Instruction to generate a COSMIC dataset for filtering function of the TMBtool package

COSMIC datasets can no longer be download without a registered account. Moreover their consistent size makes it more suitable as an external source to be downloaded seperately. Here we provide the instructure to download and format the file for usage with the TMBleR package.

Cosmic data is required for one of the mutation filters that removes known “cancer” mutation. This is achieved by setting remove.cancer = TRUE when calling applyFilter(). If you are planning to use the remove.cancer filter, please follow the intructions to retrieve the COSMIC data and import it into TMBleR.

Download COSMIC database:

  • Login to COSMIC at https://cancer.sanger.ac.uk/cosmic/download

  • Select as Genome Version from the menu GRCh37 or GRCh38, according to the reference genome used to generate the input VCF file

  • Download the CosmicCodingMuts.vcf.gz file, containing all coding COSMIC mutations.

  • Extract the .gz file:

If genome GRCh37

gzcat CosmicCodingMuts.vcf.gz > CosmicCodingMuts_hg19.vcf

If genome GRCh38

gzcat CosmicCodingMuts.vcf.gz > CosmicCodingMuts_hg38.vcf

Add dataset to TMBleR:

  • Put extracted file in the data-raw folder that you find within this package (path_To_PackageInstallation/data-raw)
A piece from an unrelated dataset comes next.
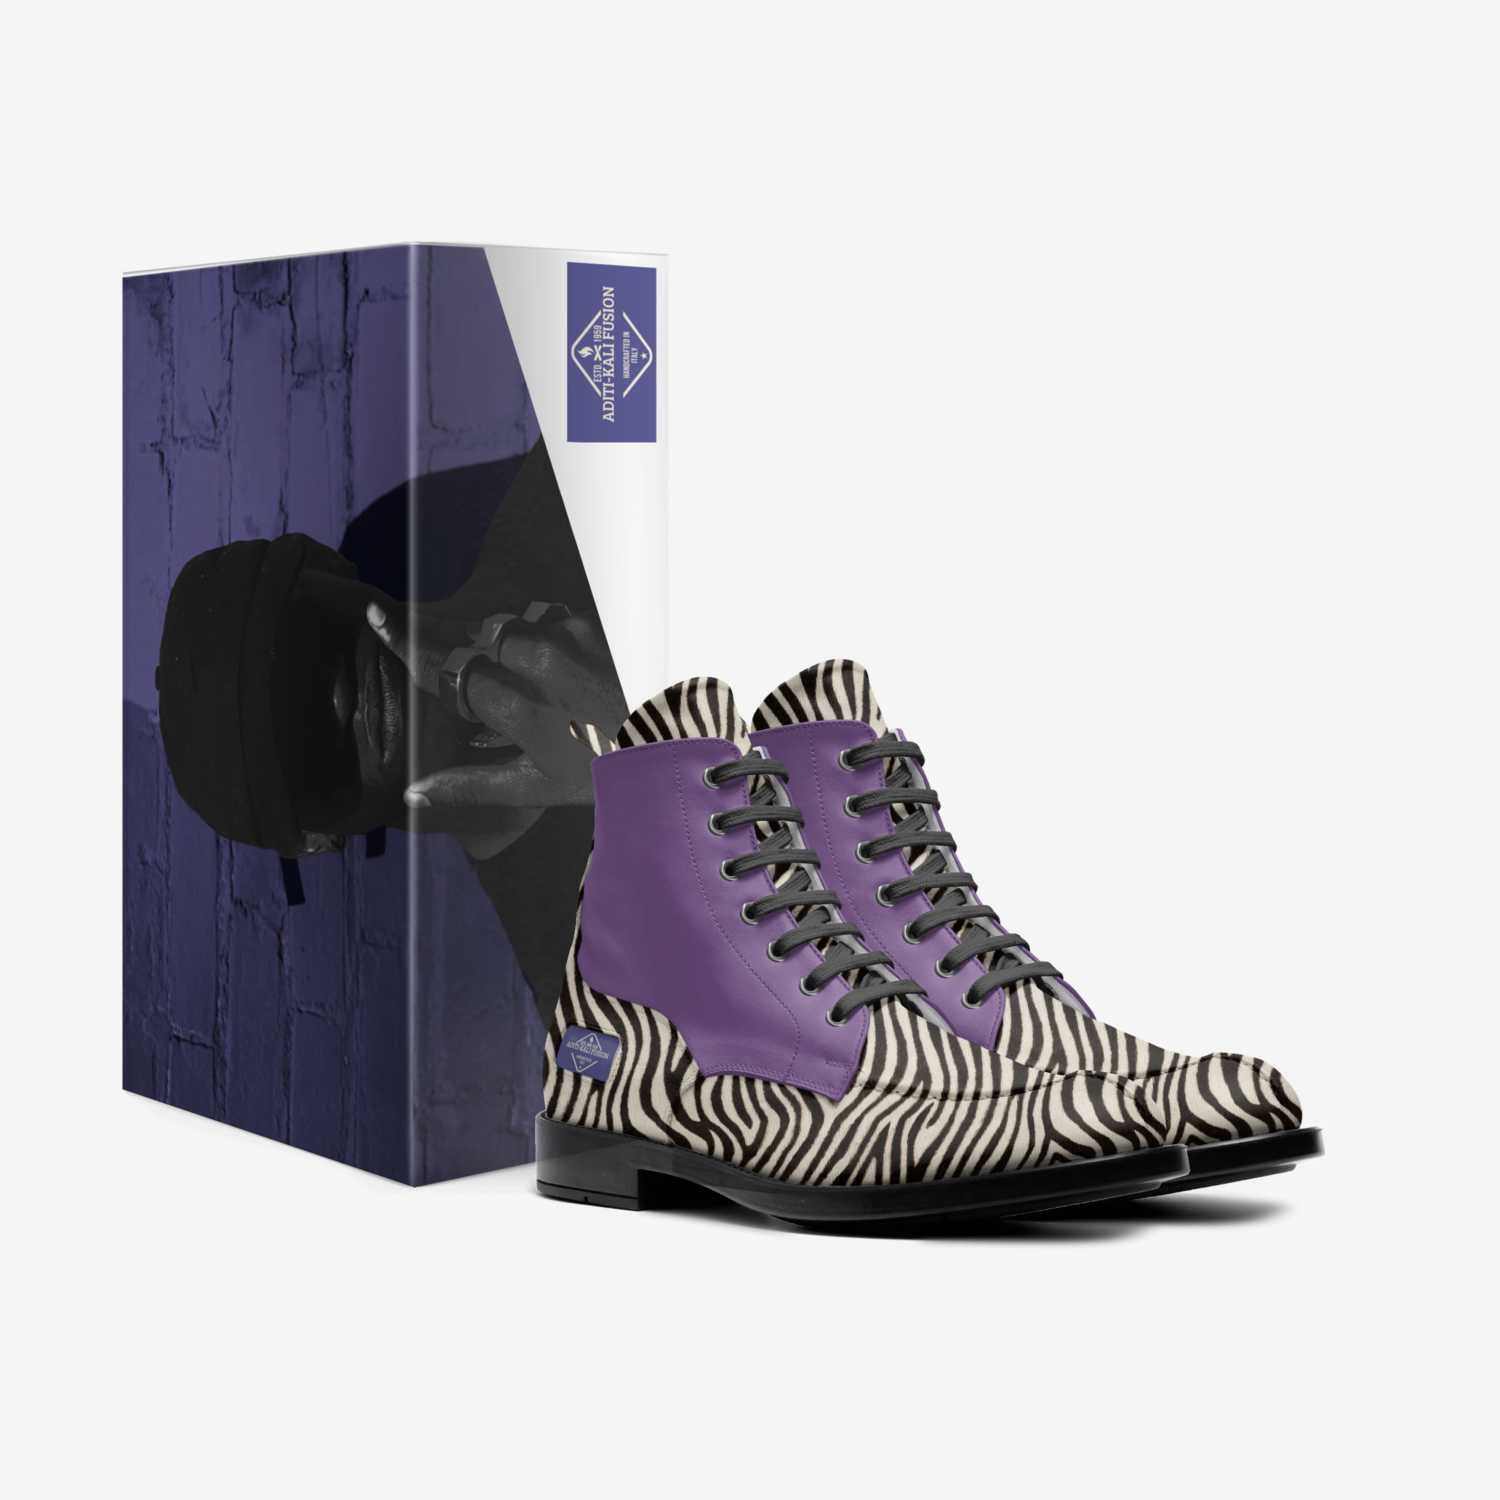 ADITI-KALI FUSION custom made in Italy shoes by Aditi-kali Of Wonkey Donkey Bazaar | Box view

  • Run the function readCOSMIC() to convert the COSMIC file from .vcf to .rda and load it into memory.

formatCOSMIC( input_file = "~/Downloads/CosmicCodingMuts.vcf"
              , "hg19"
              , output_file = "~/Downloads/COSMIC_hg19")

load the file into the memory using the load() function

load("~/Downloads/COSMIC_hg19")

COSMIC_hg19 should now appear in the environment ls().